#### Given material ####

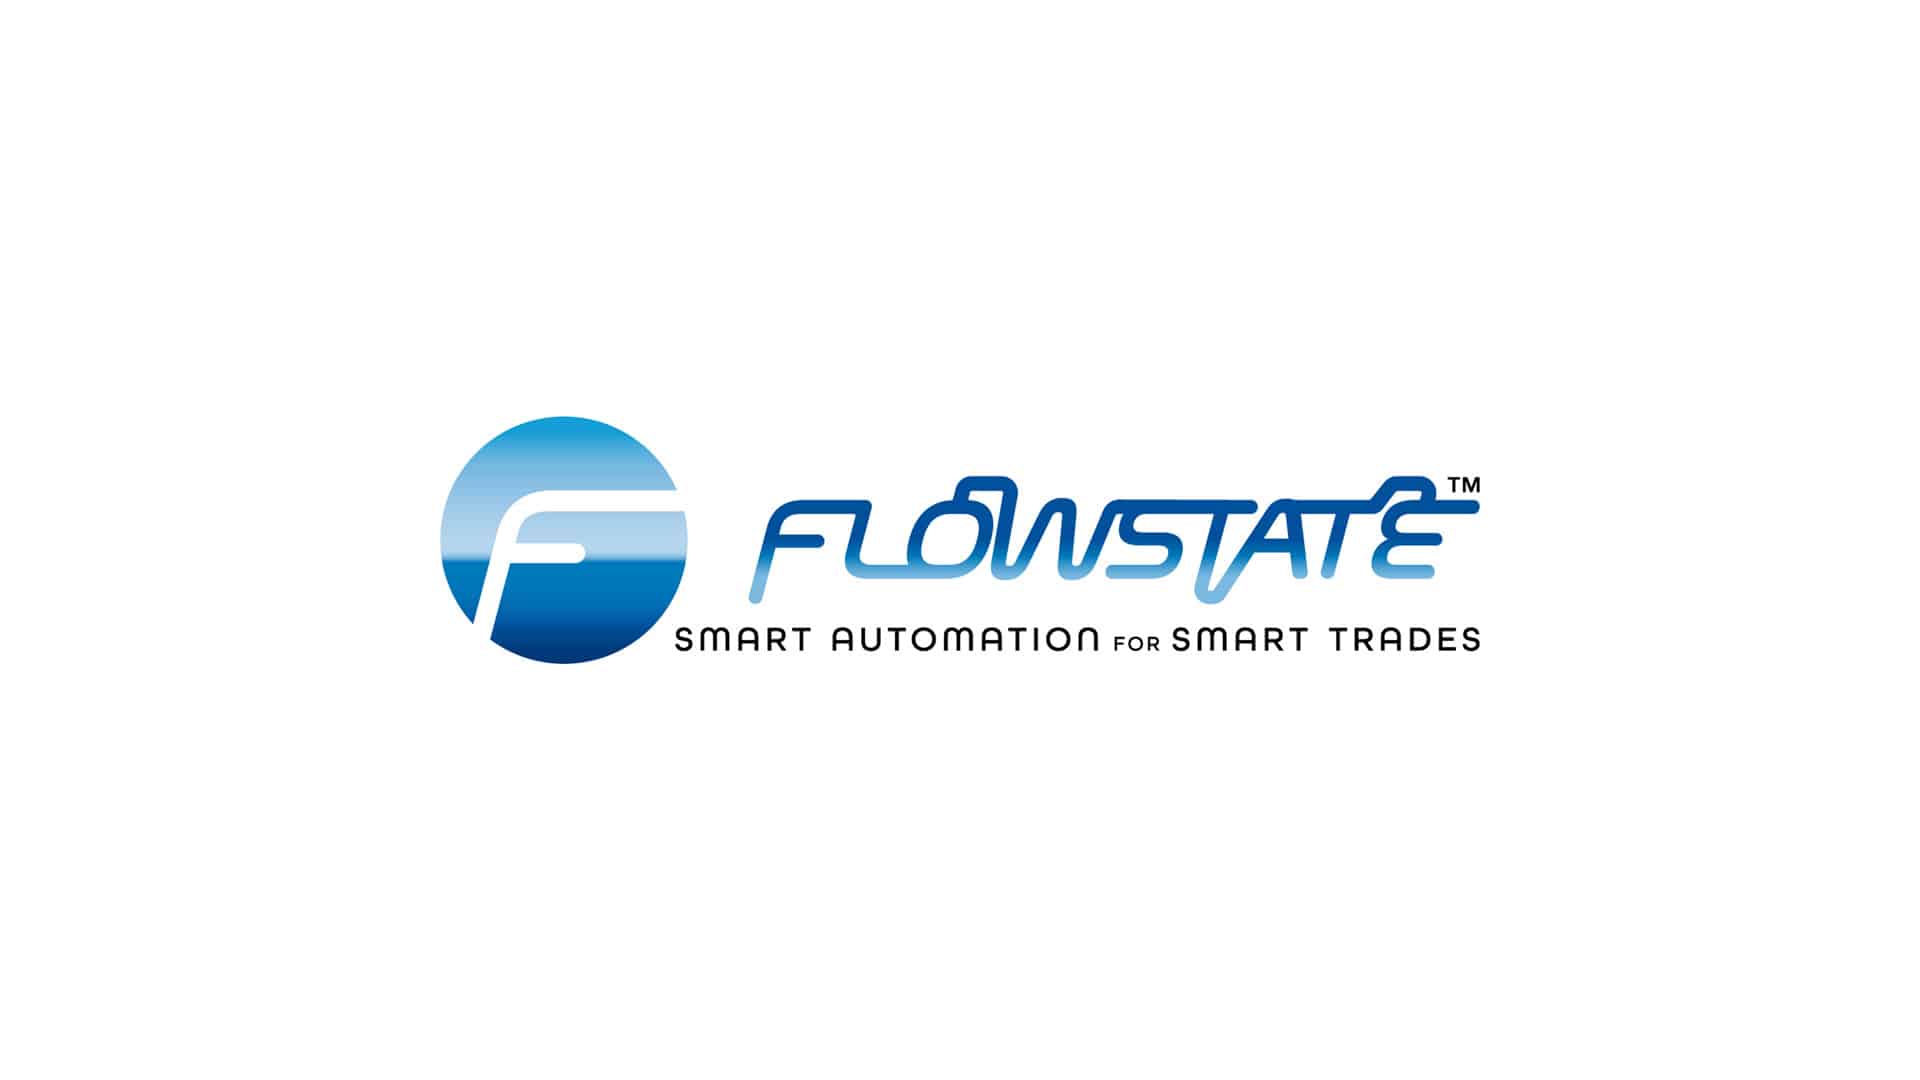 Flowstate landscape logo on white
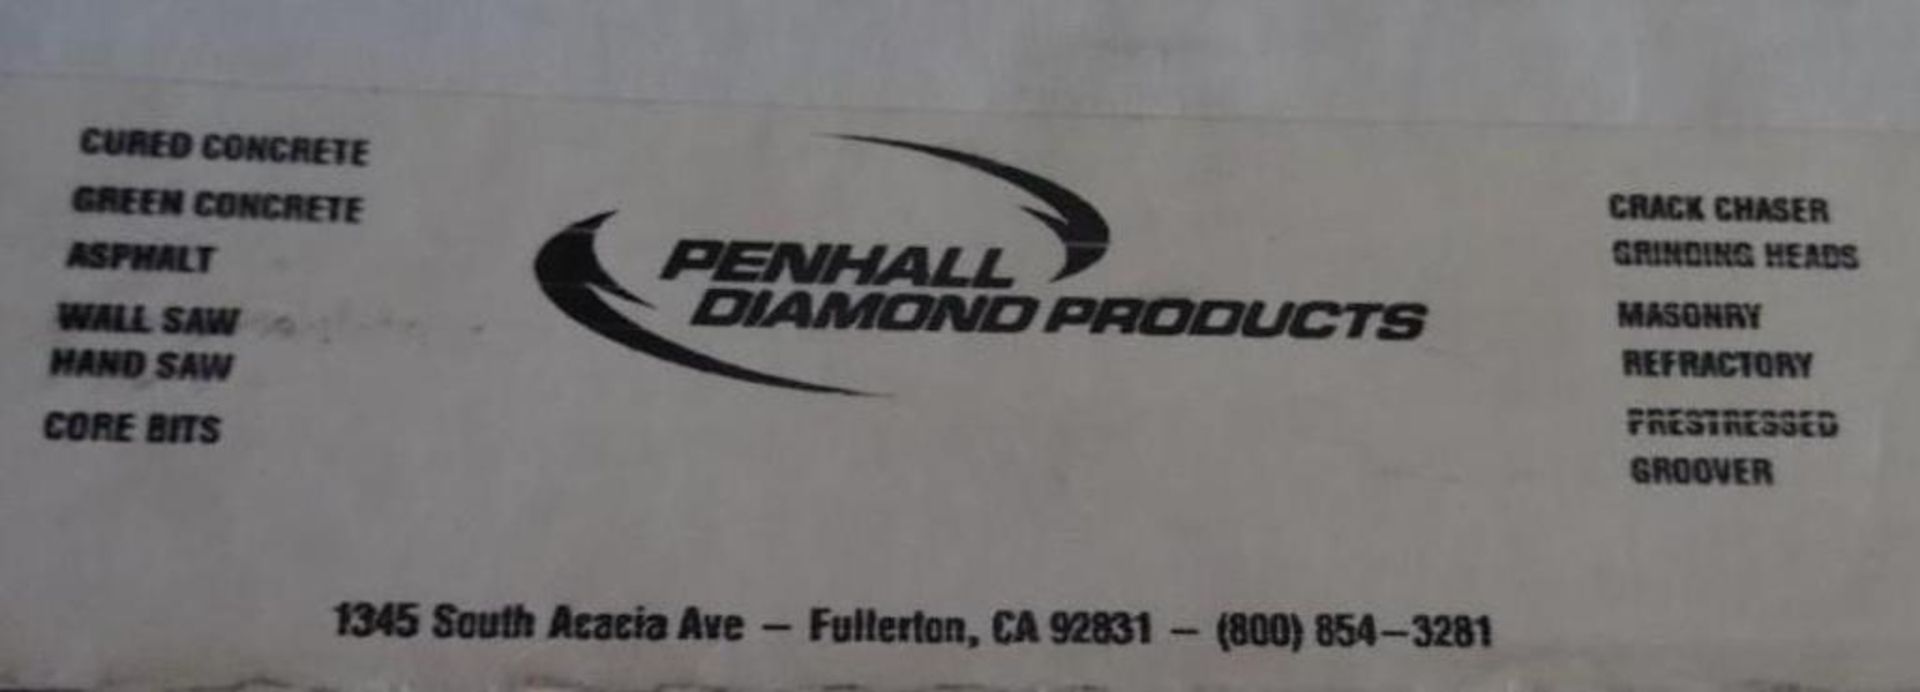 Penhall Diamond Products Saw Blade 30x190x1 1500RPM (BRAND NEW) - Image 3 of 3
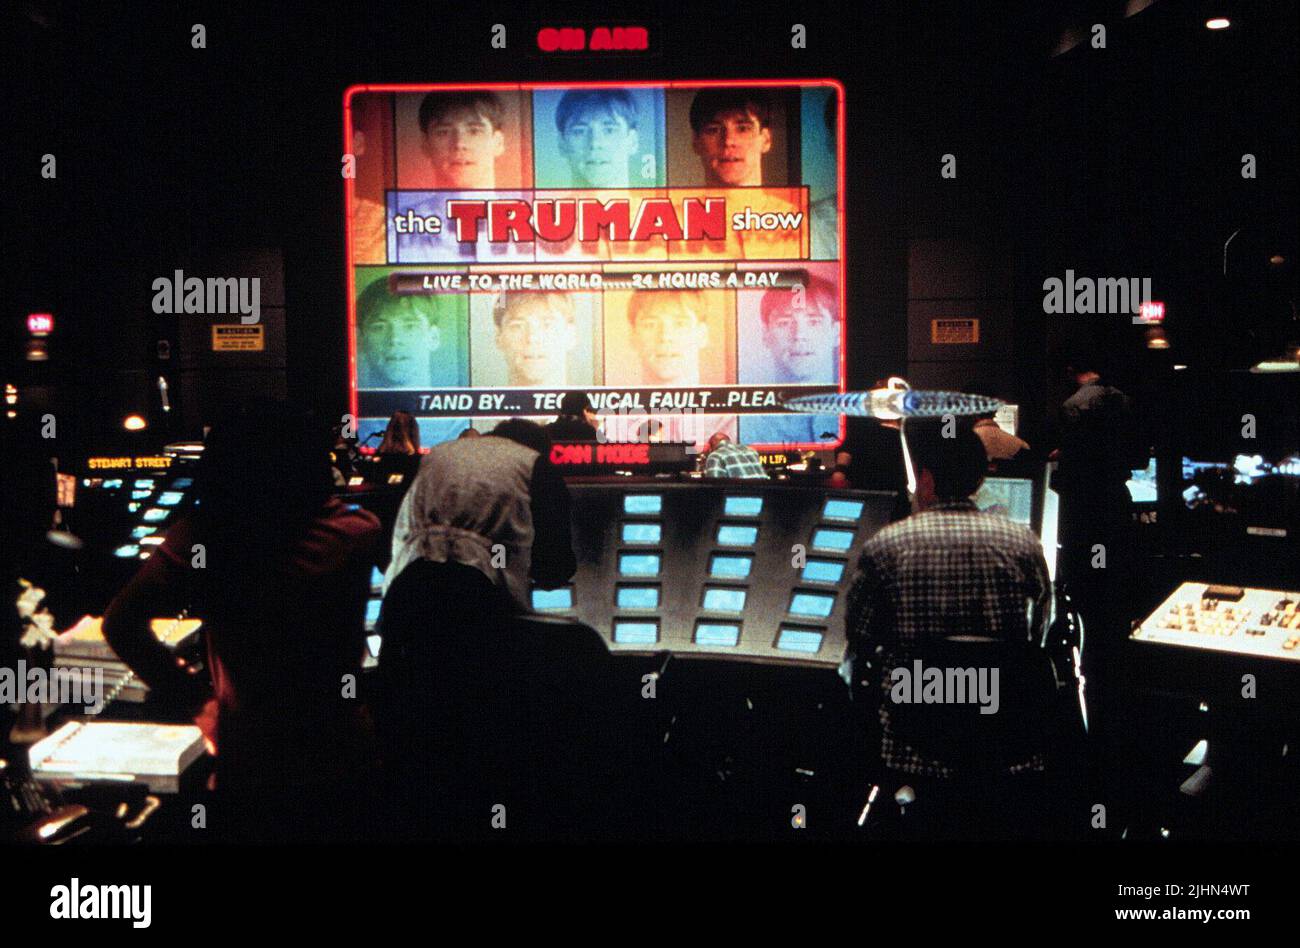 TV SHOW CONTROL ROOM, THE TRUMAN SHOW, 1998 Stock Photo
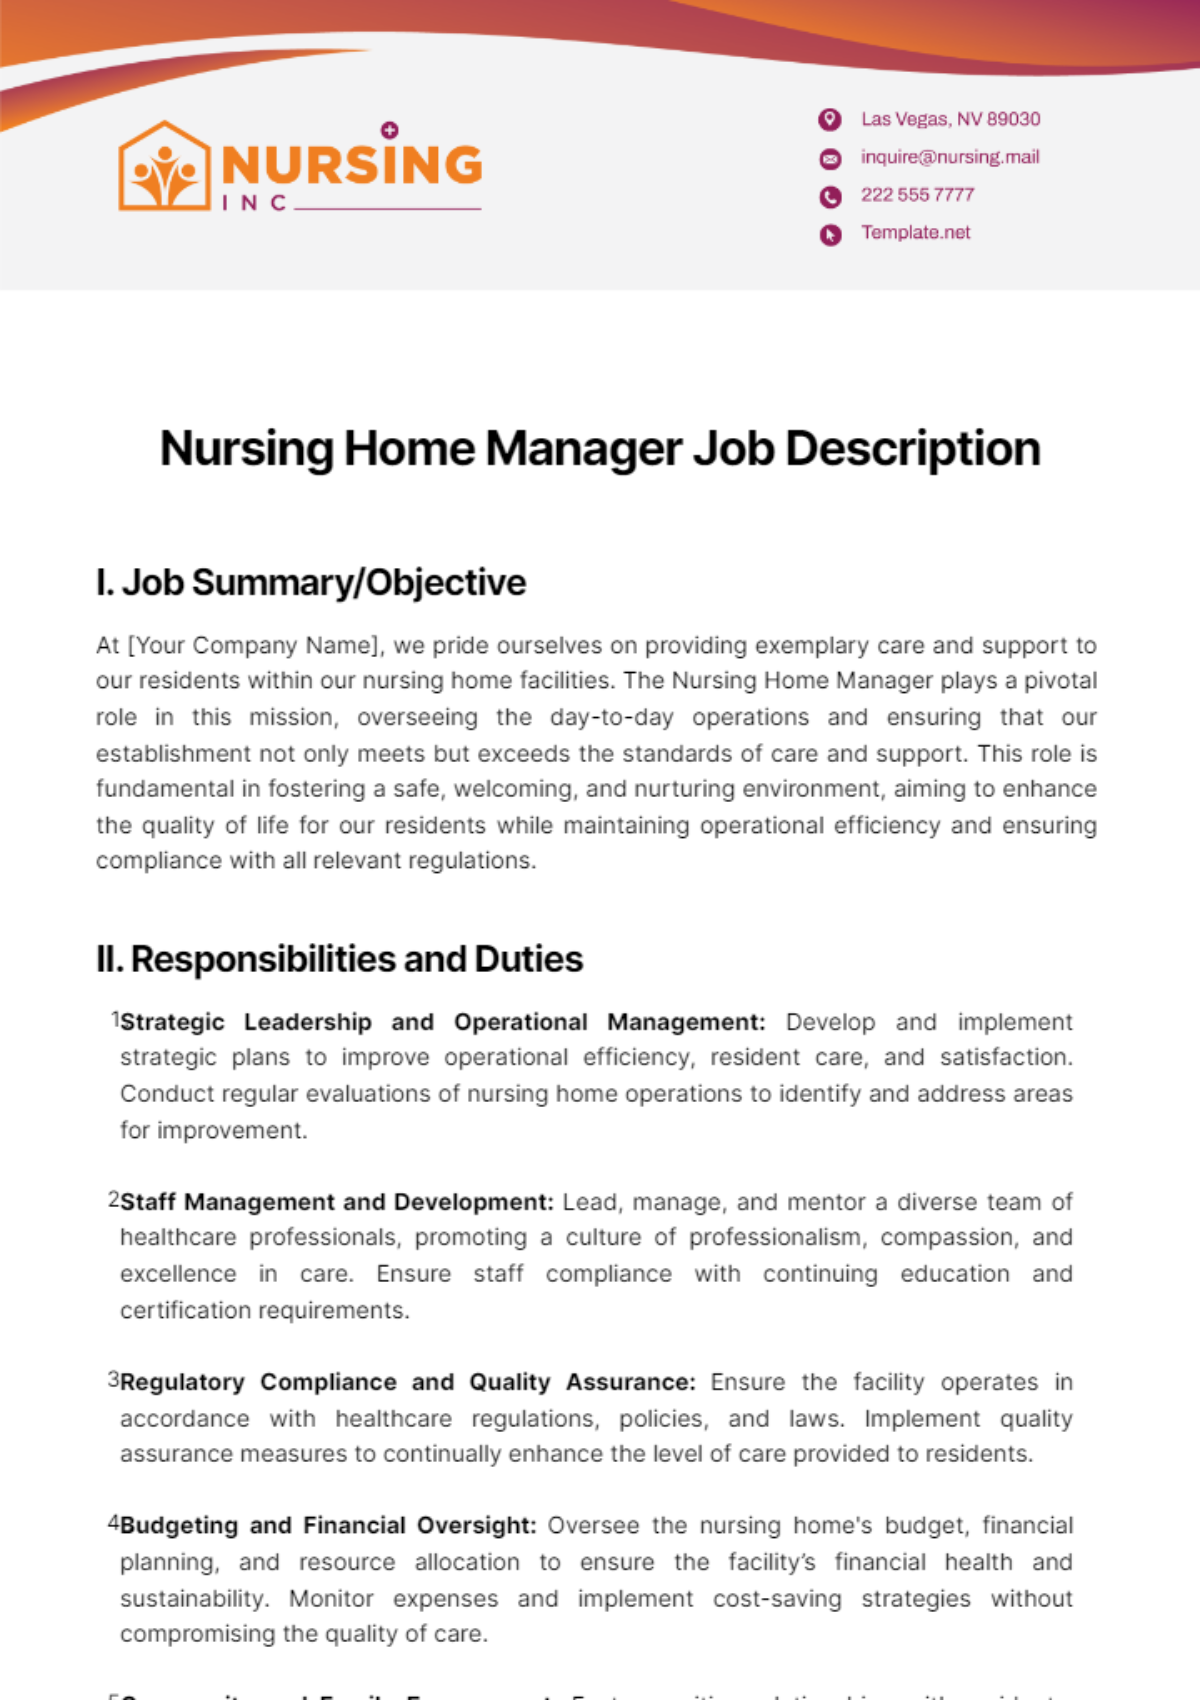 Nursing Home Manager Job Description Template

####

What to produce: Repeat the listing in full and exactly. Do not include any images.

Written response:
 Flowstate landscape logo on white
 Penhall Diamond Products Saw Blade 30x190x1 1500RPM (BRAND NEW) - Image 3 of 3
 TV SHOW CONTROL ROOM, THE TRUMAN SHOW, 1998 Stock Photo
 Nursing Home Manager Job Description Template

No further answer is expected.